An unforgettable coming of age novel for fans of 13 Reasons Why, It's Kind of a Funny Story, and The Perks of Being a Wallflower.

Fifteen-year-old Jeff wakes up on New Year's Day to find himself in the hospital-specifically, in the psychiatric ward.

Despite the bandages on his wrists, he's positive this is all some huge mistake. Jeff is perfectly fine, perfectly normal; not like the other kids in the hospital with him.
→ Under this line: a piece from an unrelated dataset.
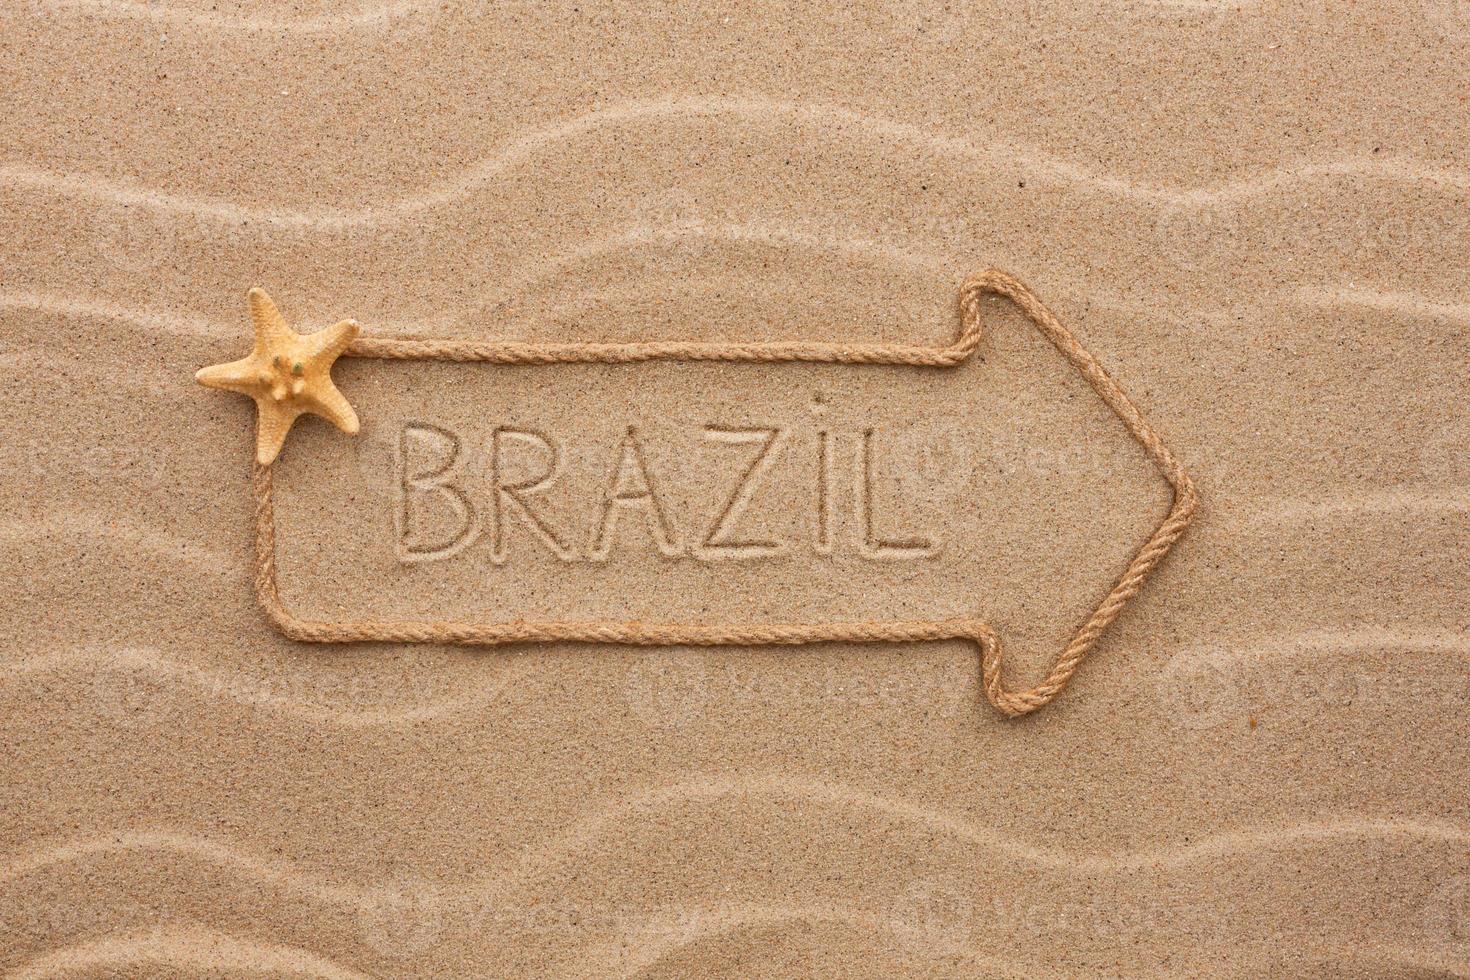 corda freccia con la parola brasile sulla sabbia foto

But over the course of the next forty-five days, Jeff begins to understand why he ended up here-and realizes he has more in common with the other kids than he thought.

“With a sprinkling of dark humor and a full measure of humanness, Suicide Notes is quirky, surprising, and a riveting read.” -Ellen Hopkins, author of The You I've Never Known and Love Lies Beneath

“Like the very best teen novels, Suicide Notes is both classic and edgy, timeless and provocative.” -Brent Hartinger, author of Geography Club

“Makes a powerful emotional impact.” -Publishers Weekly (starred review)

“Jeff's wit and self-discovery are refreshing, poignant, and, at times, laugh-out-loud funny.” -School Library Journal

Supplemental enhancement PDF accompanies the audiobook.


Editorial Reviews

Publishers Weekly

Teens in a psych ward populate a novel that overcomes a predictable beginning to make a powerful emotional impact. Regaining consciousness after an aborted suicide attempt, the 15-year-old narrator thinks his parents have "overreacted" by placing him in a 45-day program in the "nuthouse" ("you know, where they keep the people who have sixteen imaginary friends living in their heads"). Readers might need patience as Jeff, the protagonist, goes through a period of denial, delivering sarcastic answers to his shrink, Dr. Katzrupus (Jeff refers to him as "Cat Poop") and holding himself aloof from the four other patients. But as Jeff begins to form relationships with these teens, Ford's (Alec Baldwin Doesn't Love Me) own strengths emerge: his characterizations run deep, and without too much contrivance the teens' interactions slowly dislodge clues about what triggered Jeff's suicide attempt. That Jeff's recovery depends on realizing and accepting that he's gay isn't explicit until the novel is almost over, that this novel goes beyond gay issues to address broader questions of identity is clear all along. Ages 14-up. (Oct.)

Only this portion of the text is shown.